• **WHAT IS REQUIRED**
Without including any pictures, write out the data below exactly.

• **RAW DATA**

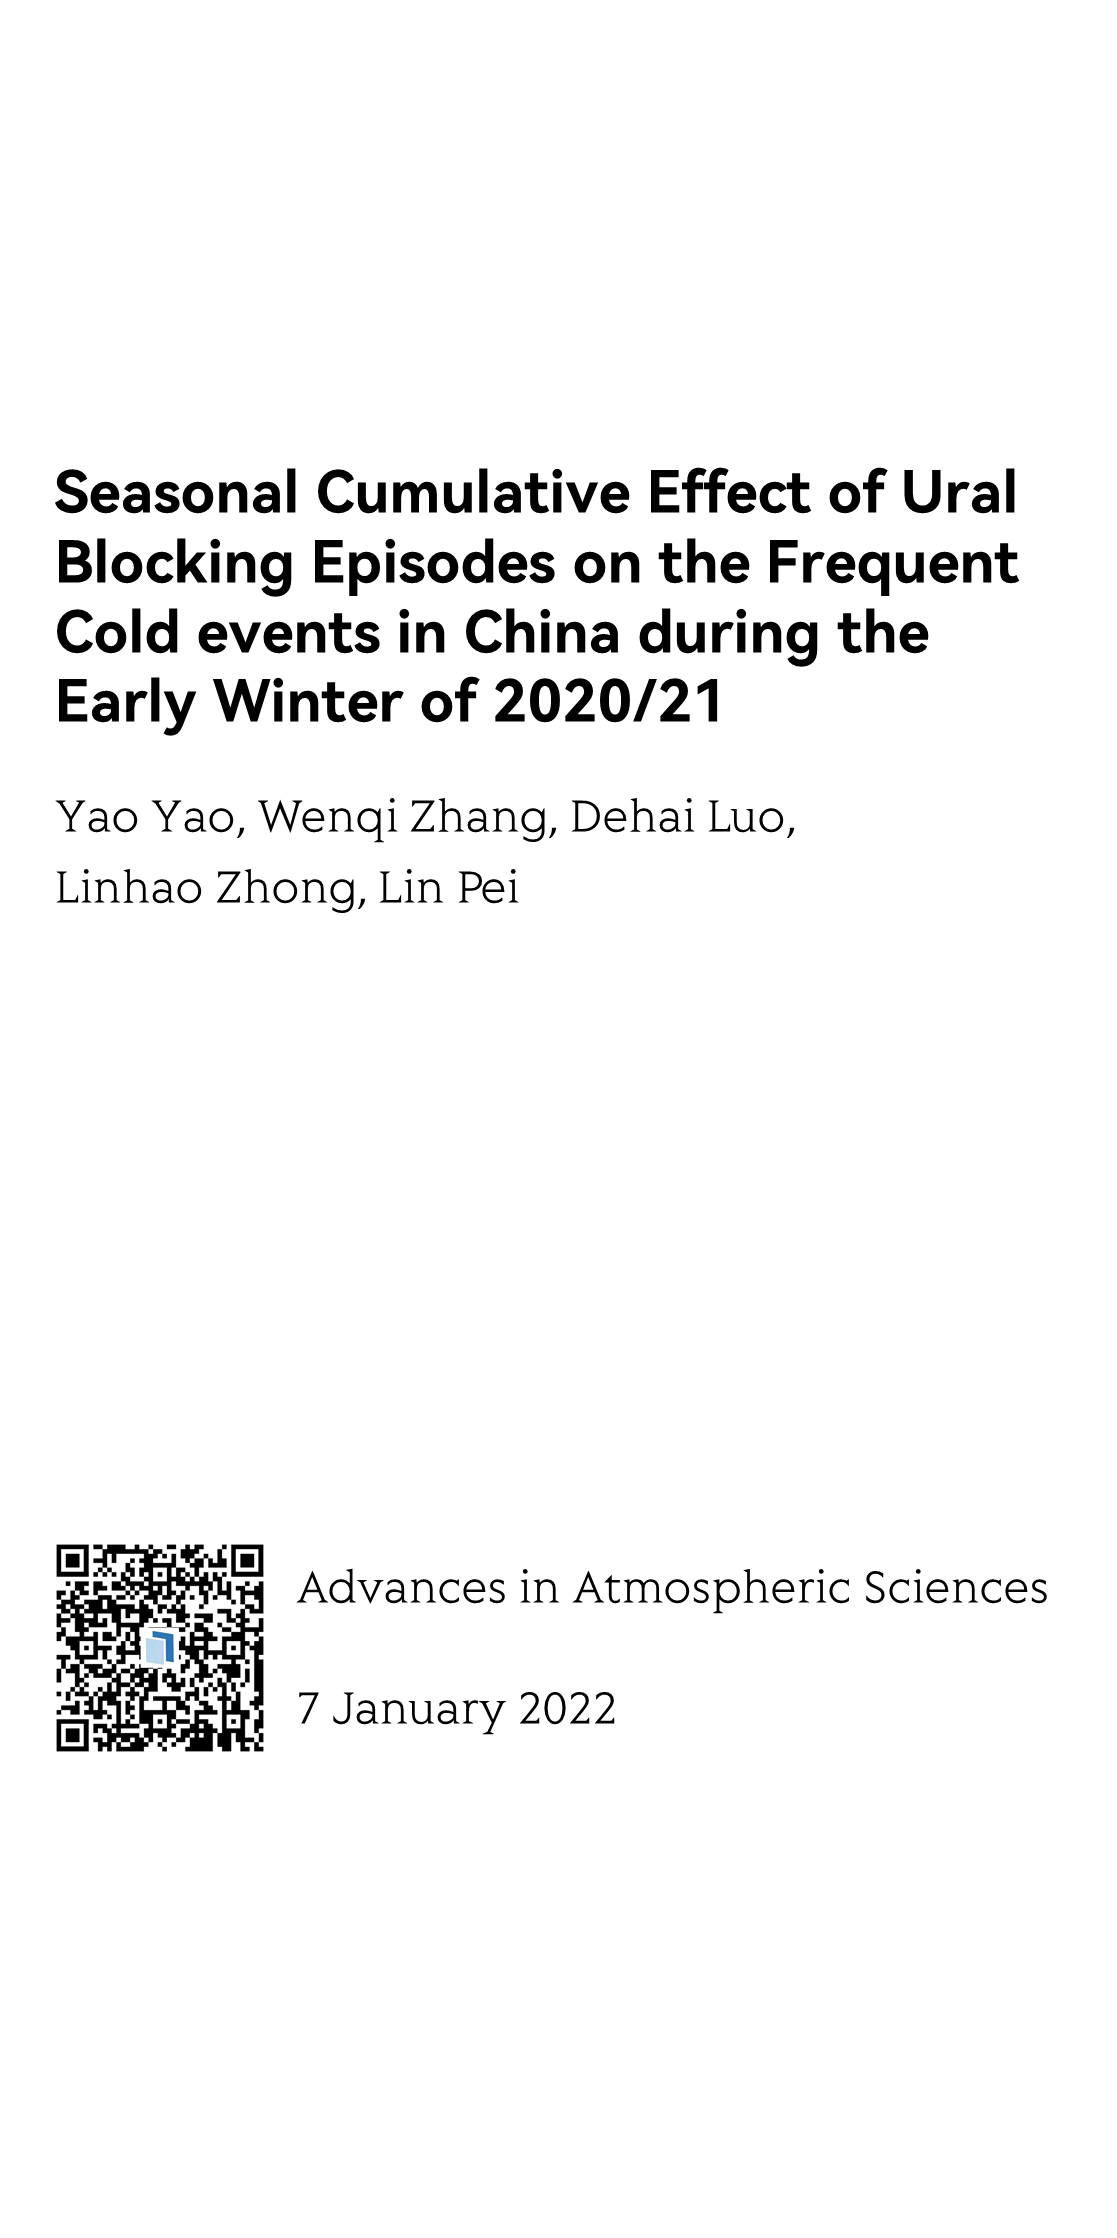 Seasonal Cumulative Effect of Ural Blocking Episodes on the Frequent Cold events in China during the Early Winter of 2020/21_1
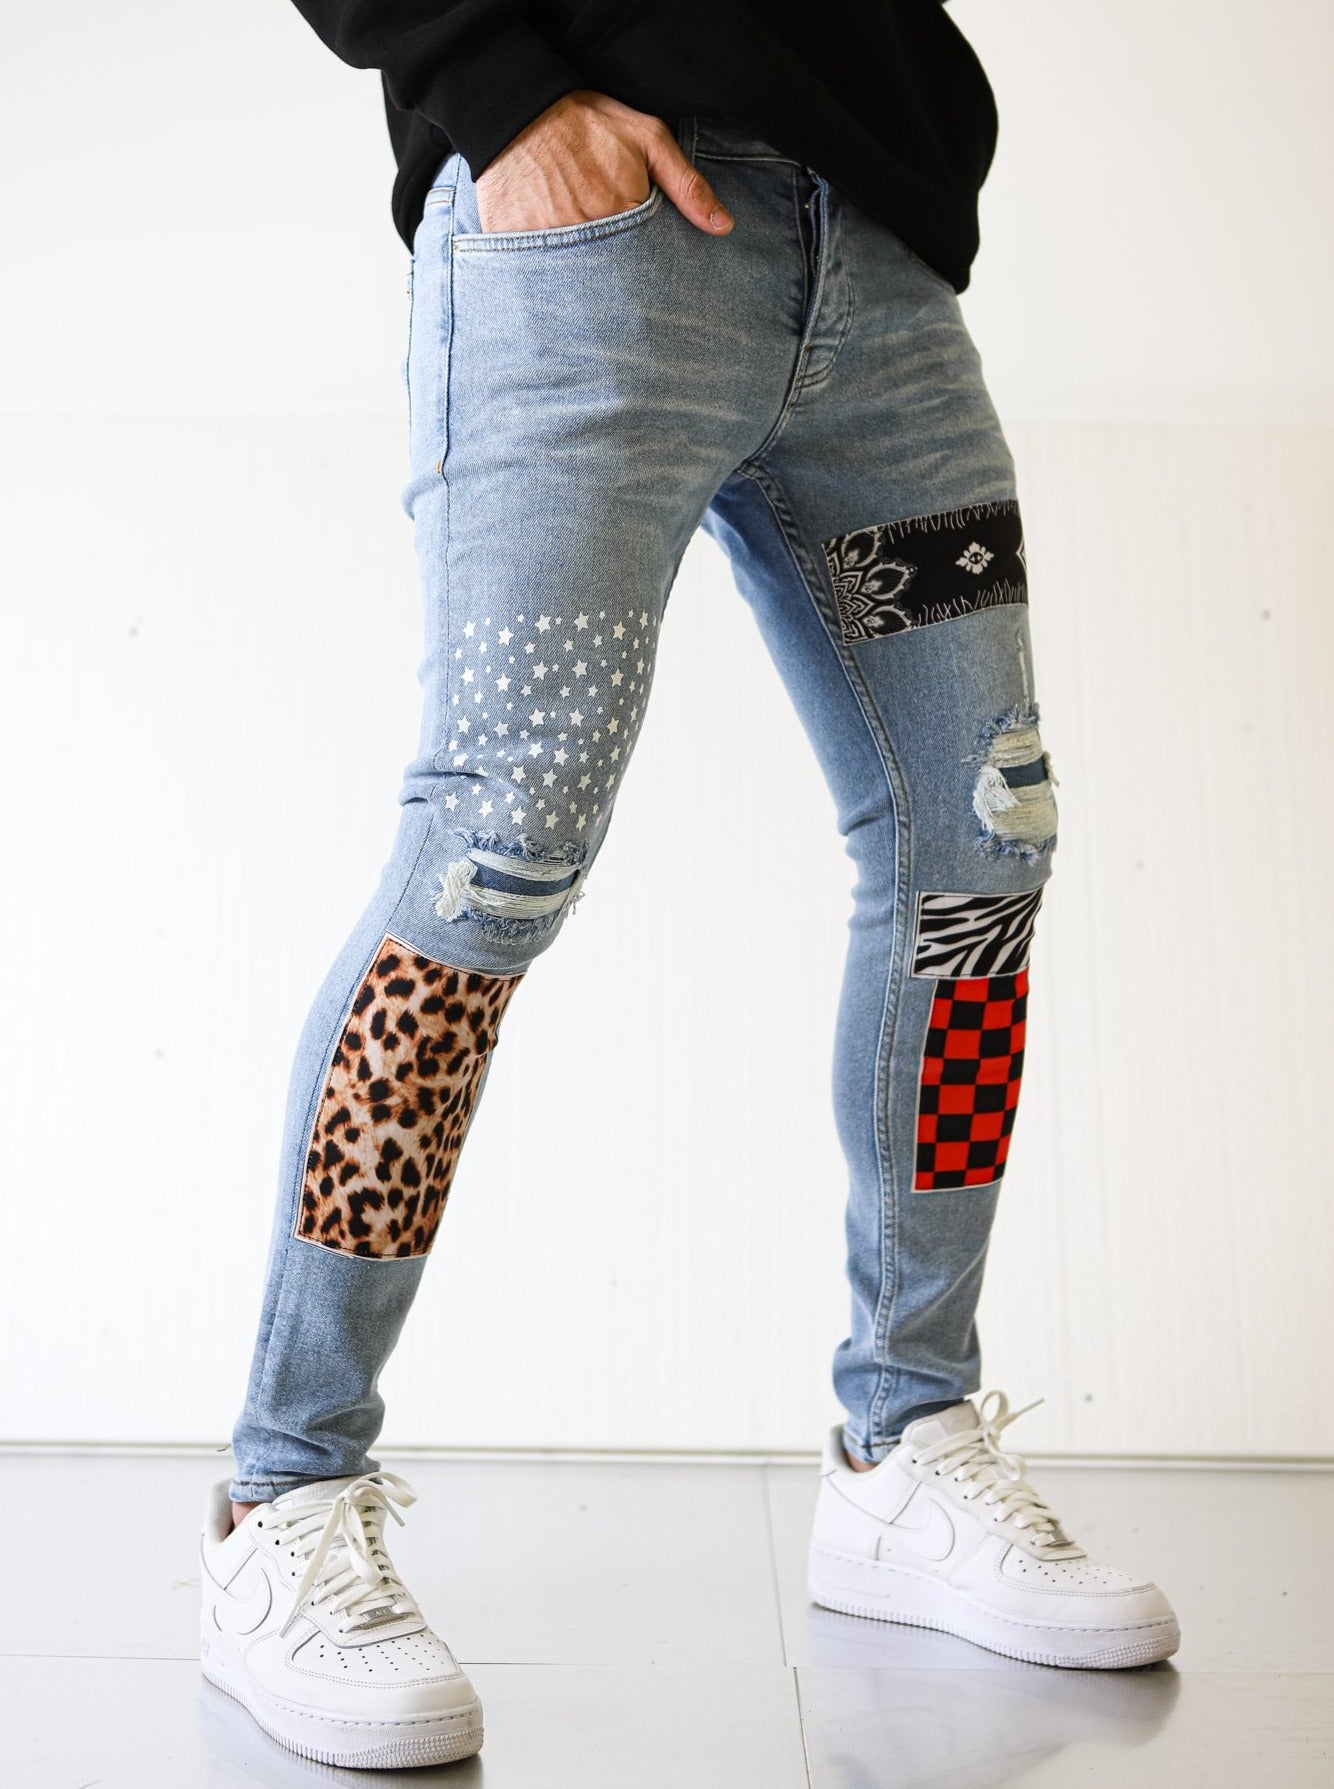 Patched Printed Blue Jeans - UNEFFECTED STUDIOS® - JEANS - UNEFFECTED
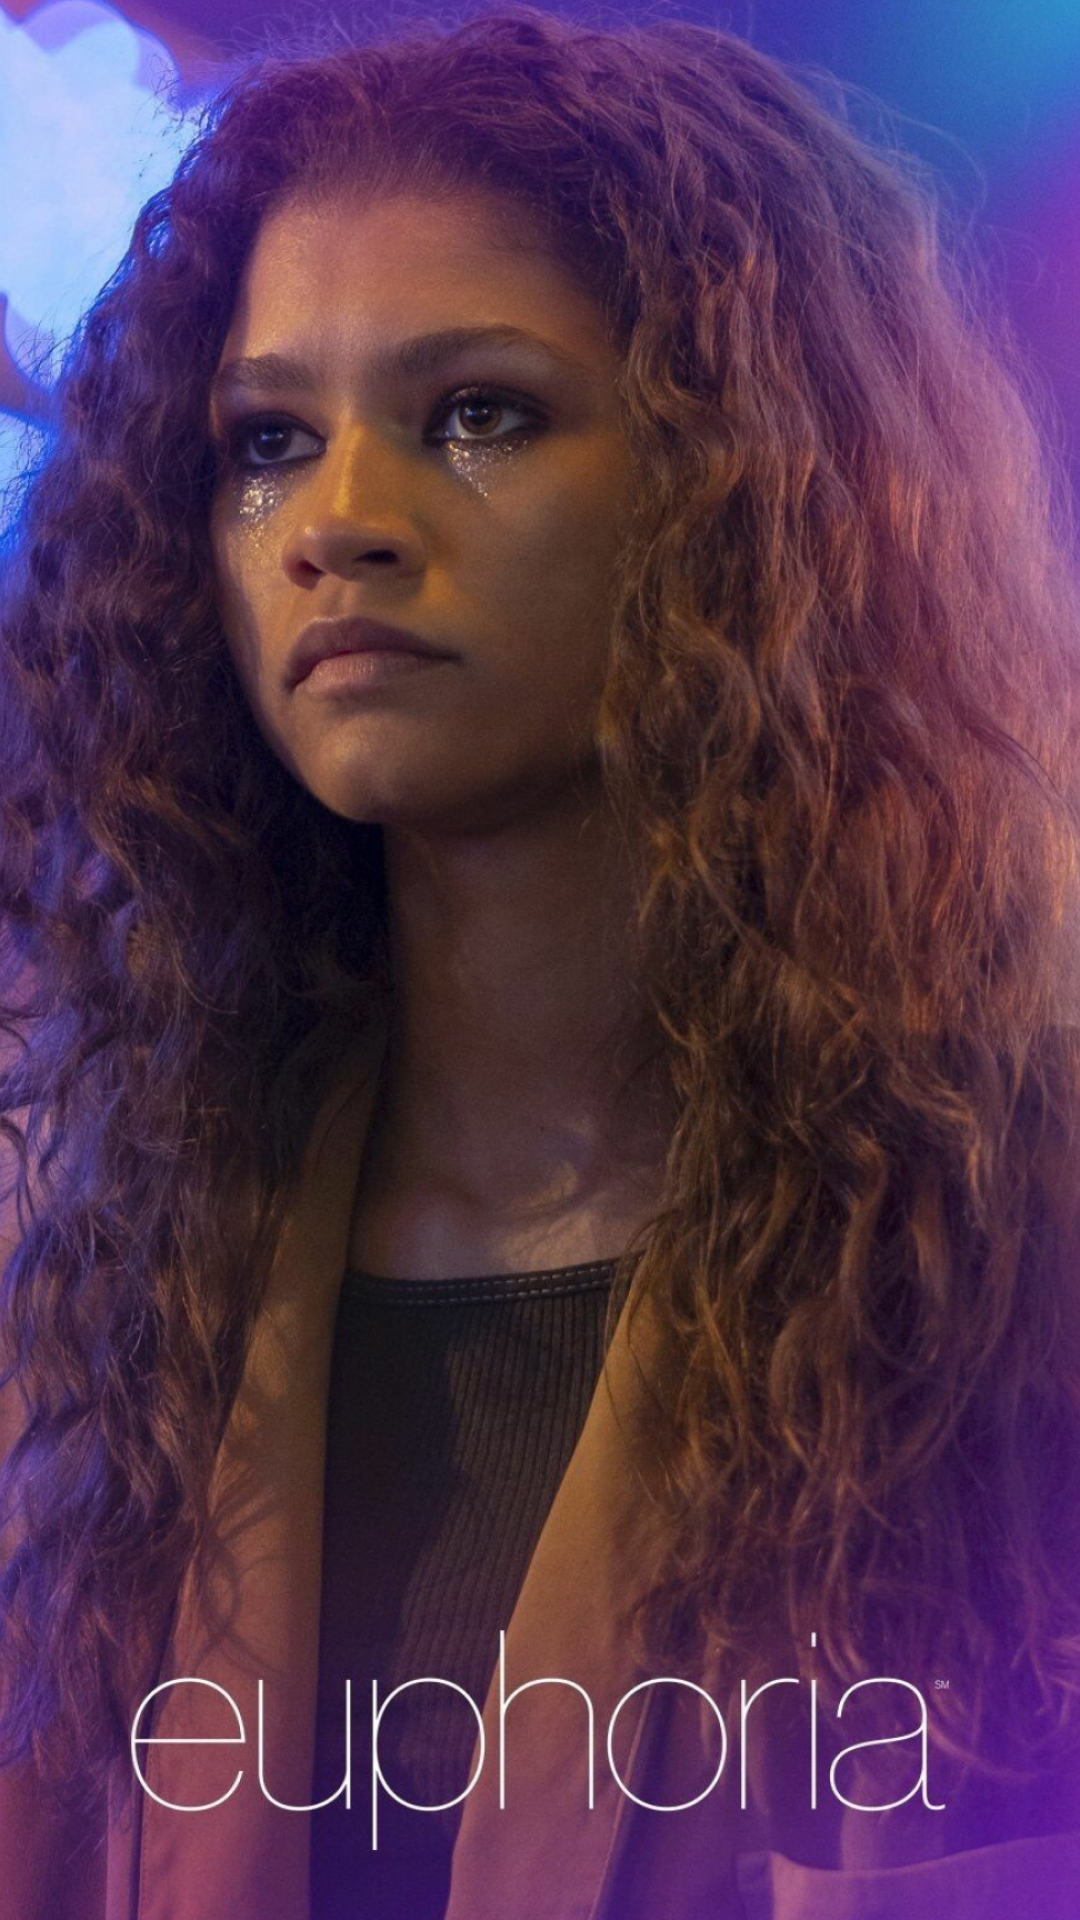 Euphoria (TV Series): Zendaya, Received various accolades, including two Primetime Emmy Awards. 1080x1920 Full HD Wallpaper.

• **COMPLETED TASK**
 Seasonal Cumulative Effect of Ural Blocking Episodes on the Frequent Cold events in China during the Early Winter of 2020/21_1
 Patched Printed Blue Jeans - UNEFFECTED STUDIOS® - JEANS - UNEFFECTED
 Euphoria (TV Series): Zendaya, Received various accolades, including two Primetime Emmy Awards. 1080x1920 Full HD Wallpaper.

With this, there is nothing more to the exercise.